※このブログは2021年05月18日に公開された英語ブログ「Async Commit, the Accelerator for Transaction Commit in TiDB 5.0」の拙訳です。
著者: Yilin Chen (PingCAPソフトウェアエンジニア、TiKVコミッター)
編集者: Tom Dewan, Charlotte Liu
TiDB は、オープンソースの分散型スケールアウトMySQL代替データベースで、HTAP (Hybrid Transactional and Analytical Processing)ワークロードをサポートします。分散トランザクションをネイティブにサポートしています。
TiDBの開発者として、私たちは低レイテンシの分散トランザクションを実装することに取り組んできました。最近、TiDB 5.0はトランザクションコミットのレイテンシを大幅に削減するための大きな一歩を踏み出しました – Async Commit機能の導入です。
本稿では、Async Commitの設計思想とその主要な実装の詳細について説明します。
Percolatorの追加遅延
TiDBのトランザクションは、Percolatorトランザクションモデルに基づいています。Percolatorのトランザクションモデルについて詳しくは、GoogleのPercolatorの論文を参照してください。
以下の図は、Async Commitが導入される前のTiDBのコミットプロセスを示しています。
ユーザーがTiDBにCOMMIT文を送った後、TiDBはコミット結果をユーザーに返す前に少なくとも以下のステップを踏む必要があります:
- すべてのkeyを同時にprewriteする。
- コミットタイムスタンプとしてPlacement Driver (PD)からタイムスタンプを取得する(Commit TS)。
- Primary Keyにコミットする。
コミットプロセス全体のクリティカルパスには、TiDBとTiKVの間で少なくとも2回のラウンドトリップが含まれます。Secondary Keyのみバックグラウンドで非同期的にコミットされます。

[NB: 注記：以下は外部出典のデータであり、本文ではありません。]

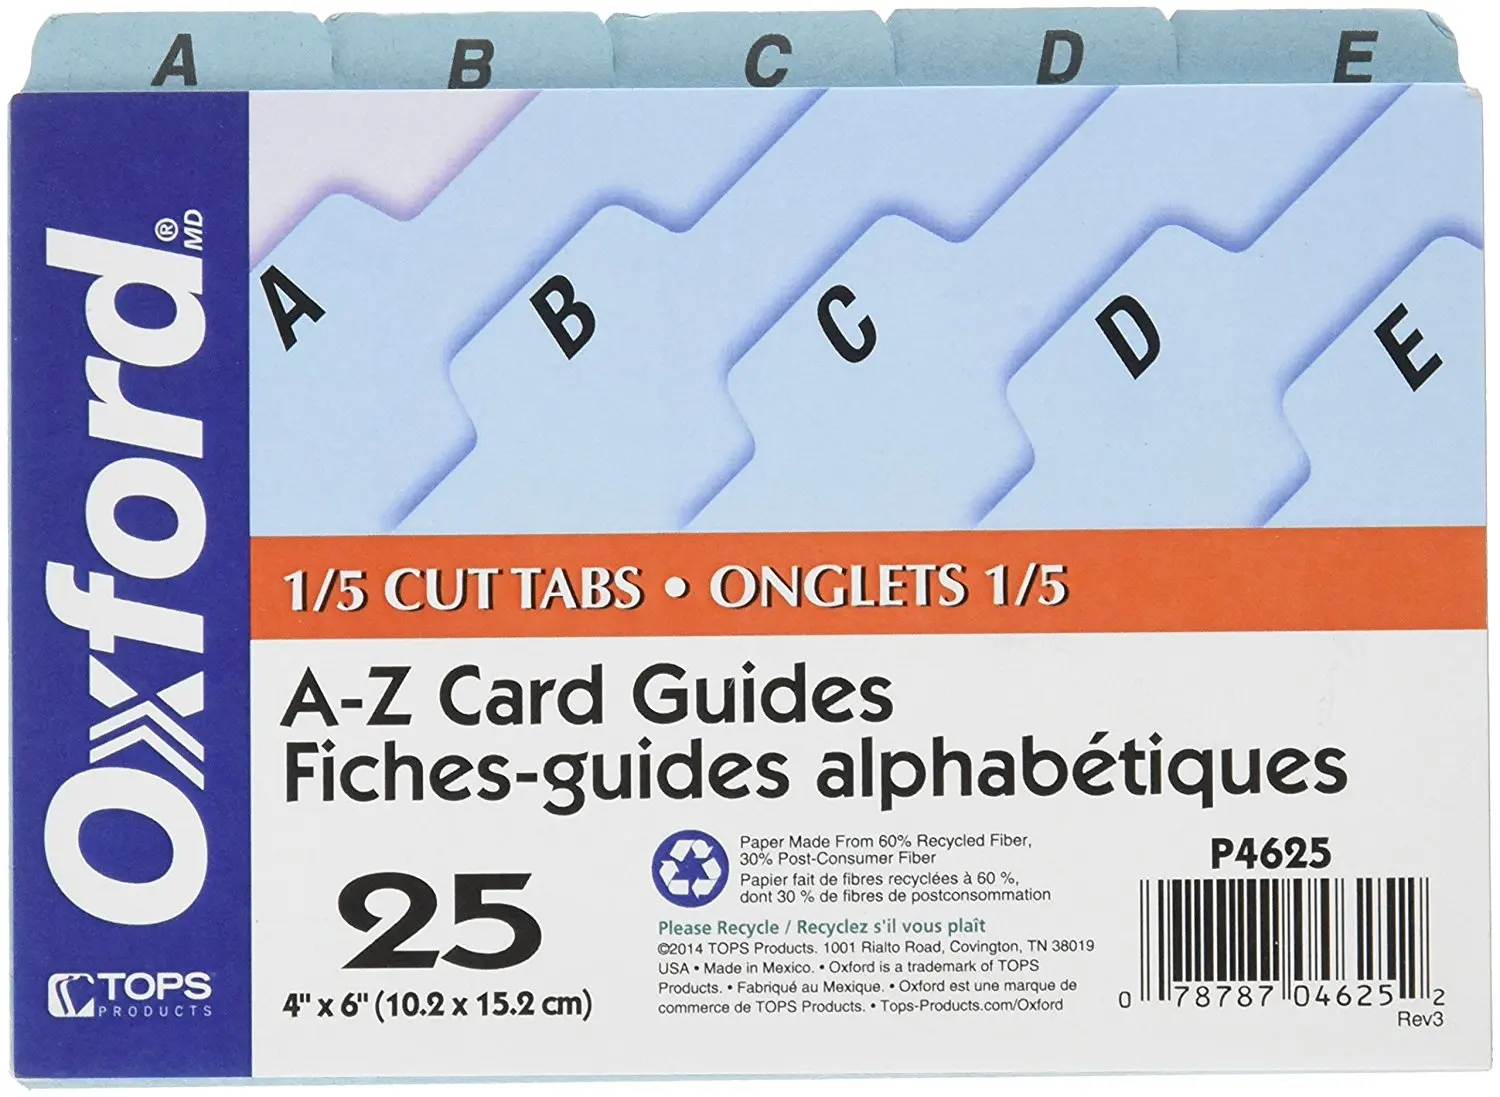 Carding guide. Tabs карты. Index Card 4x6. Pocket Jotter Index Card Holder a6 Size. Index Cards.

TiDBのトランザクションモデルでは、TiDBノードがトランザクションのコーディネーターのような存在で、TiKVノードは参加者のような存在です。一般的な2フェーズコミットの実装では、コーディネーターのデータはローカルに保存されますが、TiDBのトランザクションモデルでは、トランザクションに関するデータはすべてTiKVに保存される仕組みになっています。そのため、理論上は第1フェーズの終了時にトランザクションの状態が決定されますが、TiDBは決定したトランザクションの状態をユーザーに返す前に、第2フェーズの一部(トランザクションの状態をTiKVに格納)を完了させる必要があります。
しかし、これはTiDB独自のトランザクションモデルに改善の余地があることも意味しています。Percolatorのトランザクションモデルを改良して、最初のフェーズが完了した後に、追加のリモートプロシージャコール(RPC)なしでトランザクションの状態を判断できるようにすることは可能でしょうか?
トランザクションの状態をより早く判断する
Async Commit導入以前は、トランザクションのPrimary Keyがコミットされた後でなければ、トランザクションのコミットは成功しませんでした。Async Commitの目的は、トランザクションの状態の決定を、prewriteが完了する時点まで進めることです。このようにして、コミットの第2フェーズ全体を非同期で行うことができます。Async Commitトランザクションでは、トランザクション内のすべてのKeyのprewriteが成功している限り、コミットは成功することを意味します。
以下の図は、Async Commitトランザクションのコミットプロセスです。従来のCommit TSを取得する部分が抜けていることがわかります。その代わり、TiDBはPDからMin Commit TSとして、prewriteの前にタイムスタンプを取得します。このように変更した理由は、次のセクションで説明します。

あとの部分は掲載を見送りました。